Stop whining, says Mahathir


  • Nation
  • Sunday, 05 Oct 2003

WHINING NATION (Sept 29): Datuk Seri Dr Mahathir Mohamad chided Malaysians who always complain and raise objections when the Government implements a policy or project for their long-term benefit. The Prime Minister said protests and objections by the public had always hindered the implementation of projects that could actually benefit the community.  

NO COMING BACK (Sept 29): The Government has rejected a request from Chin Peng, the former secretary-general of the outlawed Communist Party of Malaya, to return to the country now.  

BETTER TRACKING (Sept 30): Prime Minister Datuk Seri Dr Mahathir Mohamad has directed all government agencies, companies and statutory bodies to record every single transaction that they make for easy monitoring.  

REVIEW DECISION (Sept 30): The Consumers Association of Penang wants the Government to review its decision to impose anti-dumping duties on newsprint, saying it will affect consumers.  

NEW BOOK (Sept 30): A book on Prime Minister Datuk Seri Dr Mahathir Mohamad depicting his student and bachelor days, his family life, career in politics, his achievements and his vision for the country is now accessible to every Malaysian. Mahathir Menjulang Martabat Malaysia (Mahathir Uplifts Malaysia's Integrity) is written by Dr Zahidi Datuk Zainol Rashid, who is with the Kedah Public Library Corp.  

CENSORSHIP (Sept 30): Members of performing arts community have expressed concern over City Hall's newly-formed committee to evaluate scripts for theatre performances. The group said the stringent guidelines equal censorship.  

GOOD MODEL (Oct 1): The Election Commission has declared that the Malaysian democracy model is very much alive although there are still some weaknesses that can be overcome over time. Its chairman Tan Sri Abdul Rashid Abdul Rahman said democratic elections had been held 10 times and had resulted in the establishment of legitimate and responsive governments since independence.  
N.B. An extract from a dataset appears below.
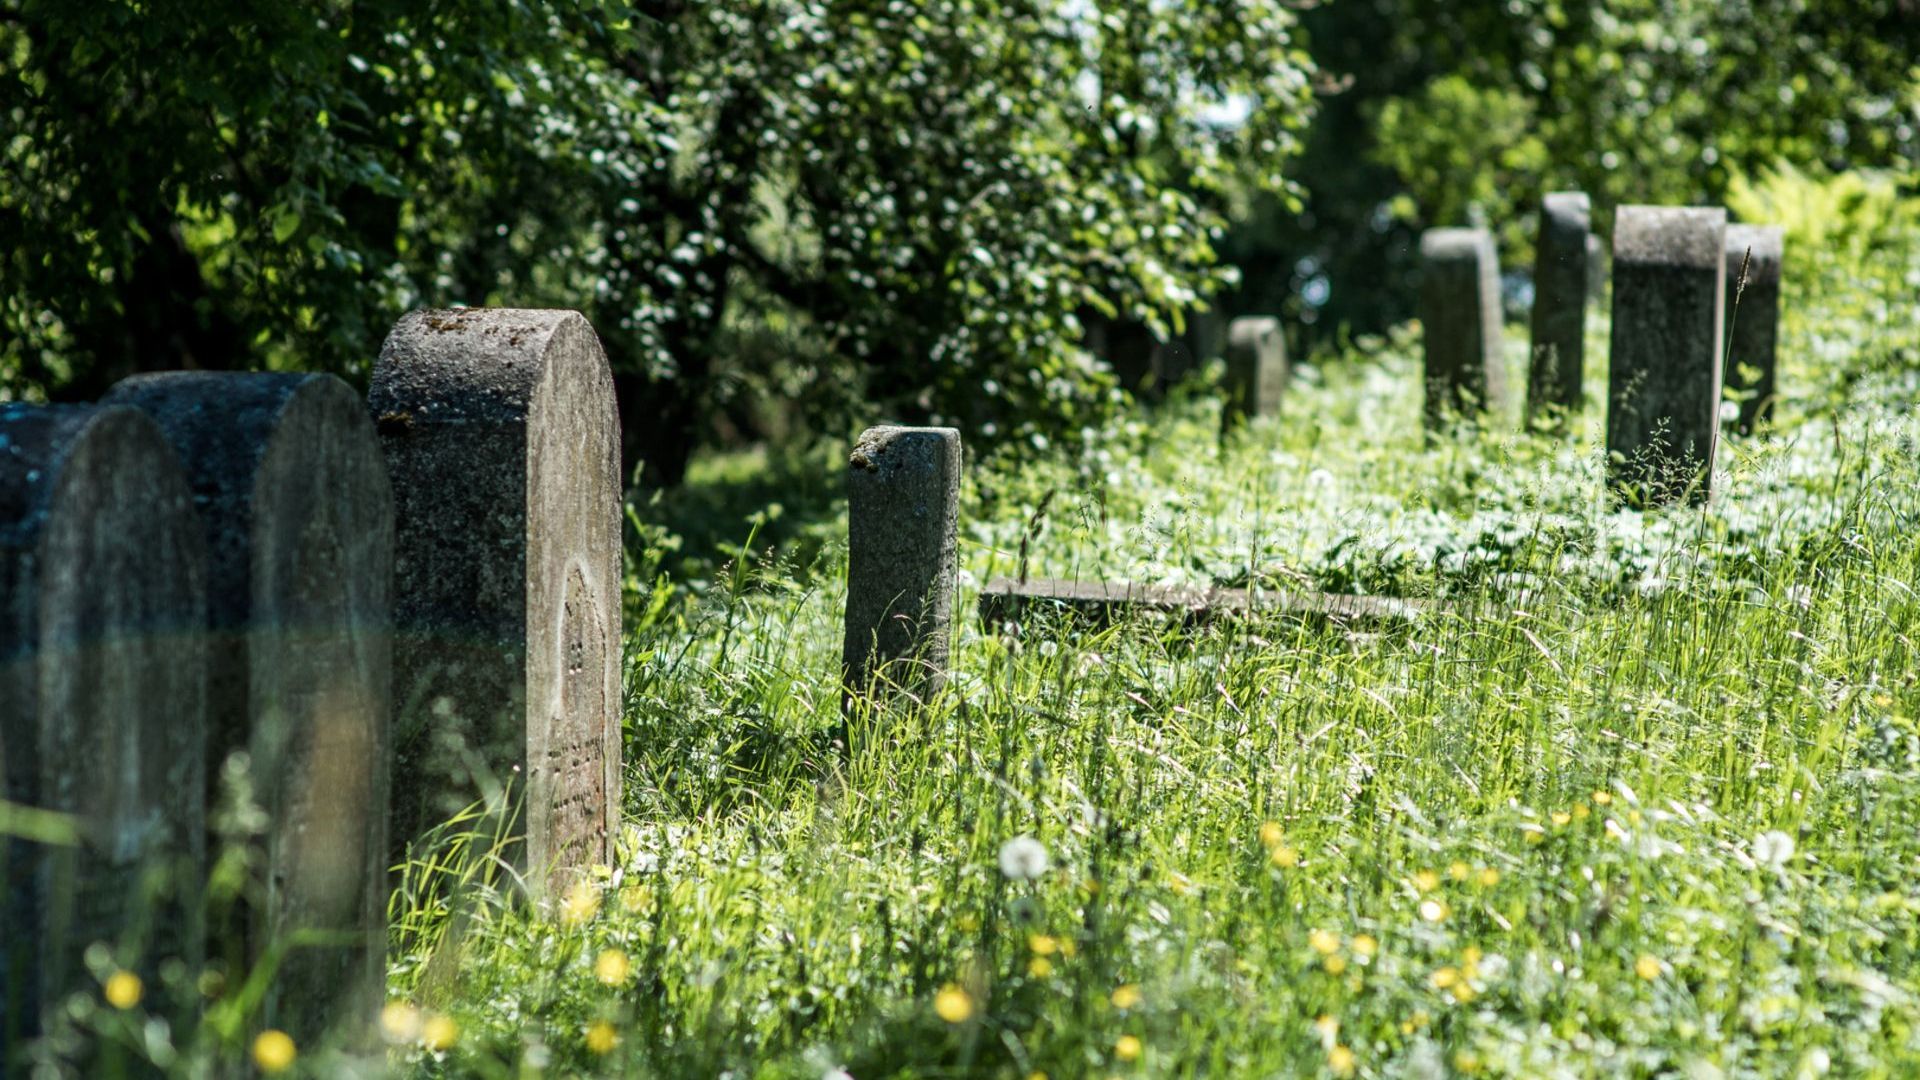 Gargždai Old Jewish Cemetery

PYGMY ELEPHANTS EXPORT (Oct 1): A dozen Borneo pygmy elephants in Sabah will find themselves in Chinese and Japanese zoos barely a month after it was confirmed that the animals belonged to a new subspecies. It is learnt that the animals were captured from the wild by a renowned animal trader in Sabah after he purportedly convinced the Sabah Wildlife Department to allow them to be exported.  

PROBE CLAIMS (Oct 2): The Anti-Corruption Agency has been directed to investigate all claims for expenses made by Members of Parliament that are considered excessive.  

BORROWERS TO GAIN (Oct 4): Under the proposed amendments to the Pawnbrokers Act 1972, pawnbrokers will have to return the excess amount to borrowers who default on payment if they sell the items pawned for a higher sum than the loan taken.  

FOREIGN  

RUNNING AGAIN (Oct 4): Philippine President Gloria Macapagal Arroyo is almost certain to run in next May's presidential election, reversing course after pledging last not to stand, a close aide said on Friday. Despite her pledge not to stand, Arroyo has been increasingly expected to reverse course and announce her candidacy. 

JAPANESE ORGY (Sept 29): Hundreds of Japanese tourists and Chinese prostitutes held a three-day orgy at a luxurious hotel in southern China, sparking outrage and prompting police to launch an investigation.  

BOMBER GETS DEATH (Oct 3): A court sentenced to death the man who commanded the Bali nightclub bombings, wrapping up the trials of the four main accused ahead of the first anniversary of the atrocity. Islamic militant Mukhlas now joins a younger brother on death row. NOT FOUND (Oct 4): The US-led team hunting for weapons of mass destruction in Iraq has found no stockpiles of biological or chemical weapons six months after the United States launched a war against Baghdad to remove such a threat, CIA adviser David Kay said.  

GLOBAL PROTEST (Sept 29): Tens of thousands of anti-war protesters staged demonstrations around the world on Saturday venting their anger at the US-led invasion of Iraq and calling for an end to the occupation.  

DARKNESS IN ITALY (Sept 29): A massive blackout hit Italy on Sunday, cutting power to millions of Italians who woke up to find their phone lines silent and their television black, while drivers struggled through streets without traffic lights and trains remained stuck on the tracks.  

MOON MISSION (Sept 29): Europe's first mission to the moon has blasted off abroad a European Ariane rocket from French Guiana, space officials said.  

DEADLINE DEMOCRACY (Oct 2): UN Secretary-General Kofi Annan has set a timetable for ending military rule in Myanmar and turning the country into a democracy by 2006.  

USING FUEL RODS (Oct 3): North Korea said it has completed reprocessing its 8,000 spent nuclear fuel rods and is using plutonium extracted from them to make nuclear weapons.  

NOBEL LITERATURE PRIZE (Oct 3): J. M. Coetzee has won the Nobel Literature Prize. He is considered to be one of South Africa's finest writers whose works give voice to the anguish of his home country.